By John Gruber
Upgraded — Get a new MacBook every two years. From $36.06/month with AppleCare+ included.
Ben Thompson, writing last week about the four legislative proposals released by the House Subcommittee on Antitrust:
I don’t think it is an accident that these bills were presented as a package, but I think it has been a mistake in a lot of coverage to view the package as one bill. It seems to me that Chairman Cicilline has played his cards very deftly here: start with the fact that while every bill was authored by a Democrat, they all have a Republican co-sponsor; if some combination of these regulations pass they will likely be with overwhelmingly Democratic support, but the fact they are starting out as nominally bi-partisan efforts is savvy.
The real tell about Cicilline’s strategy, though, is the seeming contradictions between his own bill and that of Representative Jayapal. Cicilline seeks to restrict platforms from behaving in non-discriminatory ways, with the threat of break-up if they don’t, while Jayapal jumps straight to break-up. This strikes me as an anchoring strategy: Jayapal’s approach is both unworkable and undesirable — it leaves the FTC and ultimately the courts as the ultimate arbiter of what is part of a core platform’s offering and what rests on top, and not only does that evolve as technology matures, it also makes it impossible to deliver an experience that is approachable for regular consumers. As I noted above, is a networking stack part of an operating system? Is a browser? Is an App Store? Moreover, Jayapal’s bill, if enacted, makes Cicilline’s bill immaterial: there would be nothing to discriminate against.

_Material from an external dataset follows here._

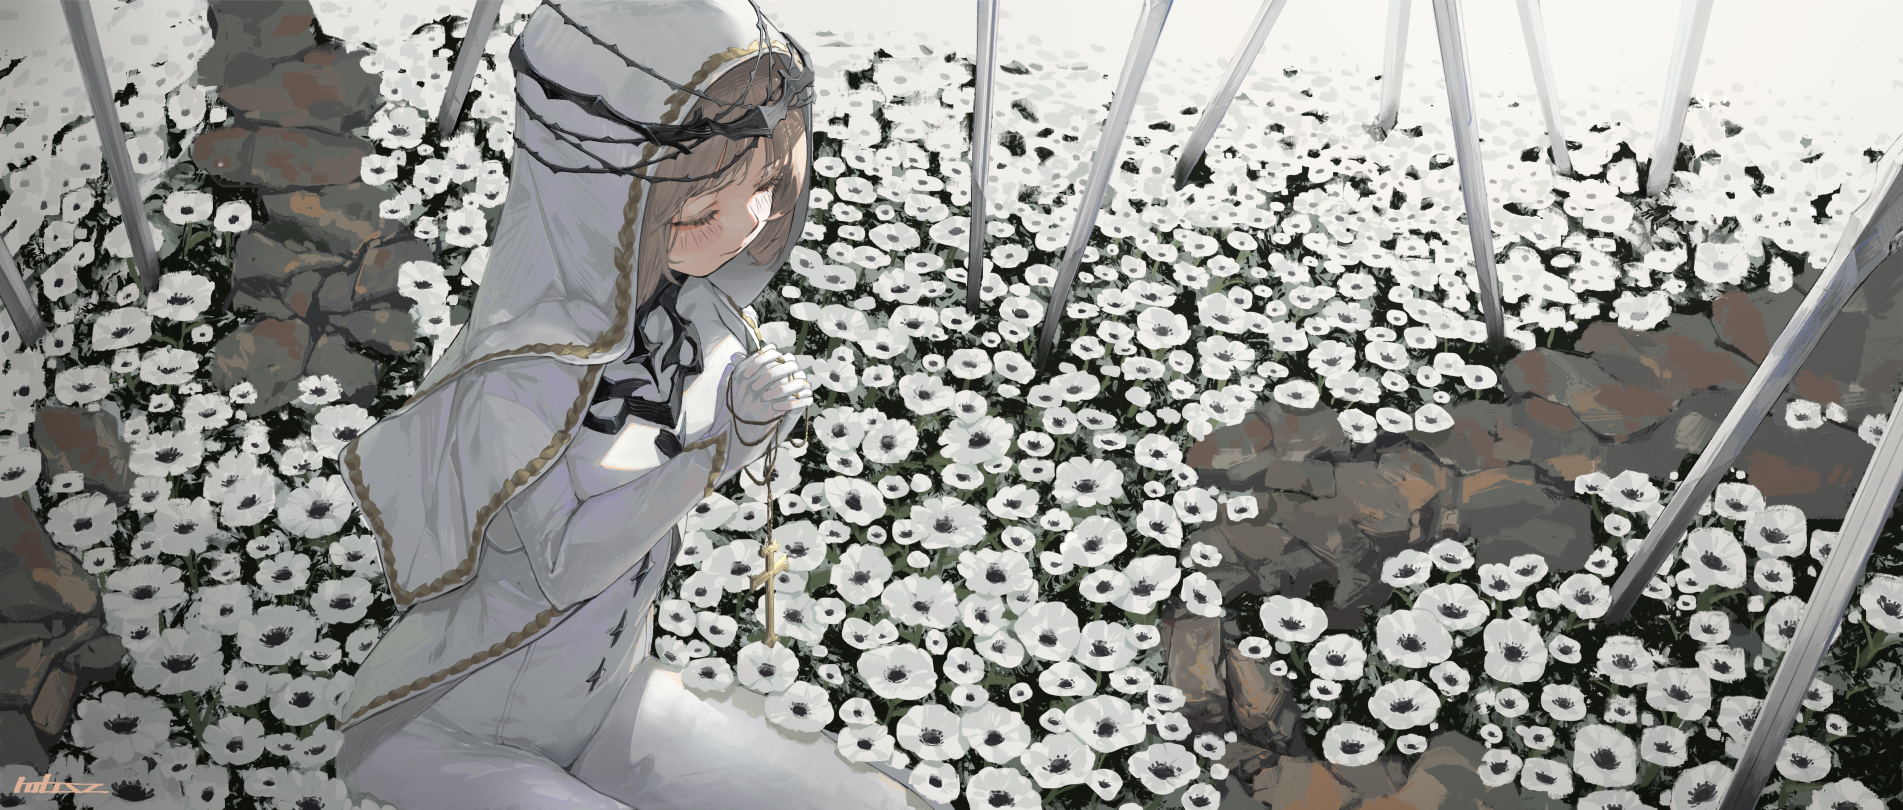 Anime 1903x810 anime anime girls flowers closed eyes nuns nun outfit praying cross

That’s why I suspect that Cicilline’s goal is to stake out the most extreme position — the Jayapal bill — with the goal of getting his own bill passed as a compromise, perhaps with Scanlon’s as well.

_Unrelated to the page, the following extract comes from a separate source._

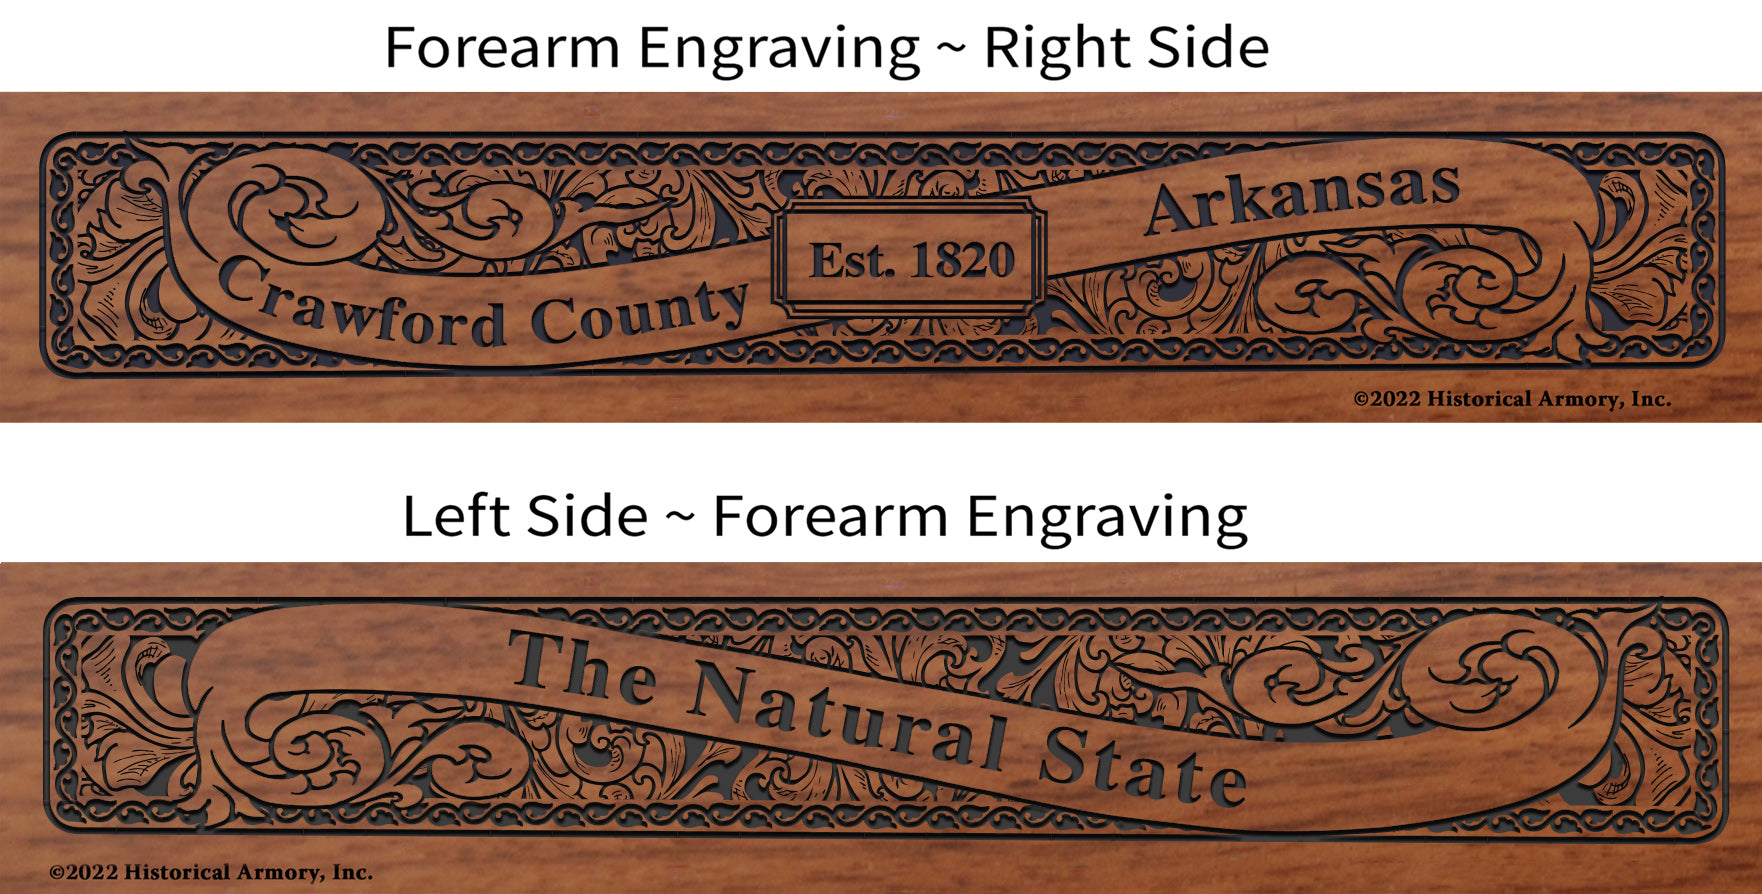 Crawford County Arkansas Engraved Rifle Forearm

Here’s Thompson’s description of Jayapal’s bill:
[I]nstead of banning discriminatory behavior it simply bans platforms from owning any product or service that rest on top of its platform and compete with 3rd-parties in any way. The provision is as broad as it sounds, which is interesting to think about in a historical context: operating systems used to sell the networking stack separately — would it be illegal now for iOS to include TCP/IP? That’s just one obvious example of how this bill would quickly devolve into product design by the judiciary.

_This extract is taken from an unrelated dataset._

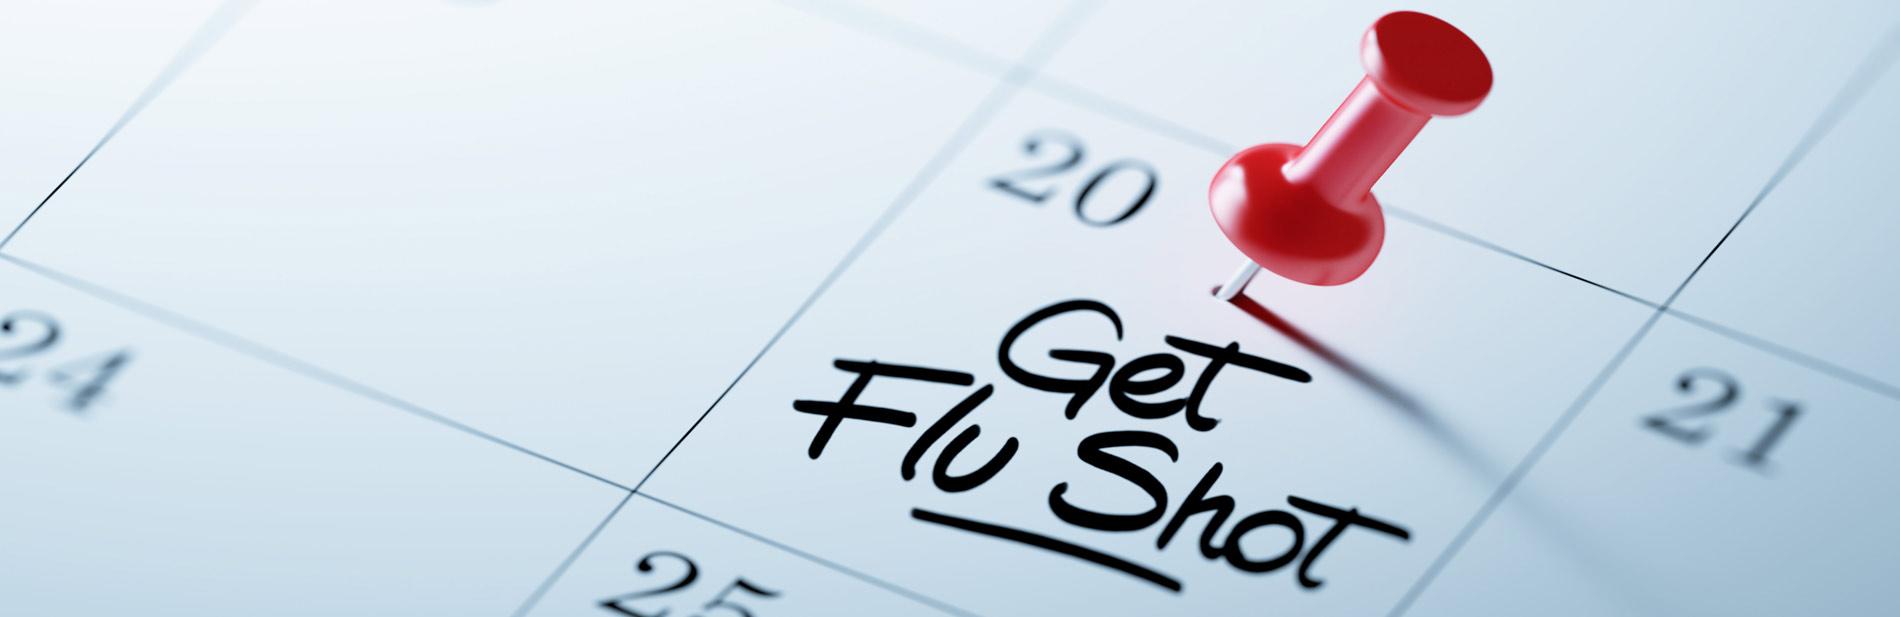 Get Flu Shot

I don’t think it’s any exaggeration to say that the Jayapal bill would profoundly change Apple and all of Apple’s products, platforms, and above all, services — in ways that ultimately would be ruinous for the company as we know it. It’s a “throw the baby out with the bathwater” bill that betrays a profound misunderstanding of how platforms evolve. Even if it is just an anchoring strategy to make Cicilline’s own bill look moderate in comparison, Apple should be extremely concerned that Jayapal’s bill is even on the table.